Work instruction – Set every record down again, identical to the original.

[Recorded data]
§
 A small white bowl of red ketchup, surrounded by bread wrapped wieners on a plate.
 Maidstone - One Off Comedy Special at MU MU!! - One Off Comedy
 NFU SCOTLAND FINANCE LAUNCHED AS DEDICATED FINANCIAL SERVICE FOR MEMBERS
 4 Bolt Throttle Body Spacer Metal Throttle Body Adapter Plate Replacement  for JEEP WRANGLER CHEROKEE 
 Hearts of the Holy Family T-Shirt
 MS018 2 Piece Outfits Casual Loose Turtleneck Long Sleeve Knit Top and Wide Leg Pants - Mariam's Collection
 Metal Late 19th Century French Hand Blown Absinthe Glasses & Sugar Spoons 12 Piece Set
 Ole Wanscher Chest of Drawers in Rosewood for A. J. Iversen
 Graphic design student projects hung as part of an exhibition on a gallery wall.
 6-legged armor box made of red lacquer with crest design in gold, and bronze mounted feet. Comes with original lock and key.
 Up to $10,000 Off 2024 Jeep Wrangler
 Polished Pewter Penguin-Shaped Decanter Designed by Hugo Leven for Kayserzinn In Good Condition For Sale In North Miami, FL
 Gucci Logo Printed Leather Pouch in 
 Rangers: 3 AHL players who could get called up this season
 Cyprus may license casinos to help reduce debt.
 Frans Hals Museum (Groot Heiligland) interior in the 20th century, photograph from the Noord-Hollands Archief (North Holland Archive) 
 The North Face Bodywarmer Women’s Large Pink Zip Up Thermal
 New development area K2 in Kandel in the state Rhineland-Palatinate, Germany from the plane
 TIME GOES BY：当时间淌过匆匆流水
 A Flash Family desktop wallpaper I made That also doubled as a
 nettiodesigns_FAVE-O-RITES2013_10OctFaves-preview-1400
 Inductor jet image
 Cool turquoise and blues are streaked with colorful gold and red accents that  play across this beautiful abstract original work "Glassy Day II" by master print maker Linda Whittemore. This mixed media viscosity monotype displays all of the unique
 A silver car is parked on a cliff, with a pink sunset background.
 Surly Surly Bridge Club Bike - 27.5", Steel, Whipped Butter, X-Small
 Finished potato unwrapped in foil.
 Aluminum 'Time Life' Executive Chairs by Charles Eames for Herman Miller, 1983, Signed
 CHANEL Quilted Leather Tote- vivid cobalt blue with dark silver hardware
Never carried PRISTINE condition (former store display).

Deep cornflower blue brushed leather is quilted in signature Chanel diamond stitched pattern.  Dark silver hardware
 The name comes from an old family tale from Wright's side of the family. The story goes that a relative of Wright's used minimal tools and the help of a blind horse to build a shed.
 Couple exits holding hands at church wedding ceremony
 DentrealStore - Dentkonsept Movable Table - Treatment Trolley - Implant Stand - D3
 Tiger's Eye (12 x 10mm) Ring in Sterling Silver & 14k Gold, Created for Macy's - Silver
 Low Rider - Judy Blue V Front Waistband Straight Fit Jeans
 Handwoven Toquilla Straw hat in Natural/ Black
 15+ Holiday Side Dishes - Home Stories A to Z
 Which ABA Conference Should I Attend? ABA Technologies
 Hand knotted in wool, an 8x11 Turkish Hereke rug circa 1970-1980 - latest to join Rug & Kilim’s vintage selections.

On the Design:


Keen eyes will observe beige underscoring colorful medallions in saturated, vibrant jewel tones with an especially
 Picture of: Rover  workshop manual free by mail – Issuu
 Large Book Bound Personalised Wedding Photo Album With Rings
§
Answer section –
 A small white bowl of red ketchup, surrounded by bread wrapped wieners on a plate.
 Maidstone - One Off Comedy Special at MU MU!! - One Off Comedy
 NFU SCOTLAND FINANCE LAUNCHED AS DEDICATED FINANCIAL SERVICE FOR MEMBERS
 4 Bolt Throttle Body Spacer Metal Throttle Body Adapter Plate Replacement  for JEEP WRANGLER CHEROKEE 
 Hearts of the Holy Family T-Shirt
 MS018 2 Piece Outfits Casual Loose Turtleneck Long Sleeve Knit Top and Wide Leg Pants - Mariam's Collection
 Metal Late 19th Century French Hand Blown Absinthe Glasses & Sugar Spoons 12 Piece Set
 Ole Wanscher Chest of Drawers in Rosewood for A. J. Iversen
 Graphic design student projects hung as part of an exhibition on a gallery wall.
 6-legged armor box made of red lacquer with crest design in gold, and bronze mounted feet. Comes with original lock and key.
 Up to $10,000 Off 2024 Jeep Wrangler
 Polished Pewter Penguin-Shaped Decanter Designed by Hugo Leven for Kayserzinn In Good Condition For Sale In North Miami, FL
 Gucci Logo Printed Leather Pouch in 
 Rangers: 3 AHL players who could get called up this season
 Cyprus may license casinos to help reduce debt.
 Frans Hals Museum (Groot Heiligland) interior in the 20th century, photograph from the Noord-Hollands Archief (North Holland Archive) 
 The North Face Bodywarmer Women’s Large Pink Zip Up Thermal
 New development area K2 in Kandel in the state Rhineland-Palatinate, Germany from the plane
 TIME GOES BY：当时间淌过匆匆流水
 A Flash Family desktop wallpaper I made That also doubled as a
 nettiodesigns_FAVE-O-RITES2013_10OctFaves-preview-1400
 Inductor jet image
 Cool turquoise and blues are streaked with colorful gold and red accents that  play across this beautiful abstract original work "Glassy Day II" by master print maker Linda Whittemore. This mixed media viscosity monotype displays all of the unique
 A silver car is parked on a cliff, with a pink sunset background.
 Surly Surly Bridge Club Bike - 27.5", Steel, Whipped Butter, X-Small
 Finished potato unwrapped in foil.
 Aluminum 'Time Life' Executive Chairs by Charles Eames for Herman Miller, 1983, Signed
 CHANEL Quilted Leather Tote- vivid cobalt blue with dark silver hardware
Never carried PRISTINE condition (former store display).

Deep cornflower blue brushed leather is quilted in signature Chanel diamond stitched pattern.  Dark silver hardware
 The name comes from an old family tale from Wright's side of the family. The story goes that a relative of Wright's used minimal tools and the help of a blind horse to build a shed.
 Couple exits holding hands at church wedding ceremony
 DentrealStore - Dentkonsept Movable Table - Treatment Trolley - Implant Stand - D3
 Tiger's Eye (12 x 10mm) Ring in Sterling Silver & 14k Gold, Created for Macy's - Silver
 Low Rider - Judy Blue V Front Waistband Straight Fit Jeans
 Handwoven Toquilla Straw hat in Natural/ Black
 15+ Holiday Side Dishes - Home Stories A to Z
 Which ABA Conference Should I Attend? ABA Technologies
 Hand knotted in wool, an 8x11 Turkish Hereke rug circa 1970-1980 - latest to join Rug & Kilim’s vintage selections.

On the Design:


Keen eyes will observe beige underscoring colorful medallions in saturated, vibrant jewel tones with an especially
 Picture of: Rover  workshop manual free by mail – Issuu
 Large Book Bound Personalised Wedding Photo Album With Rings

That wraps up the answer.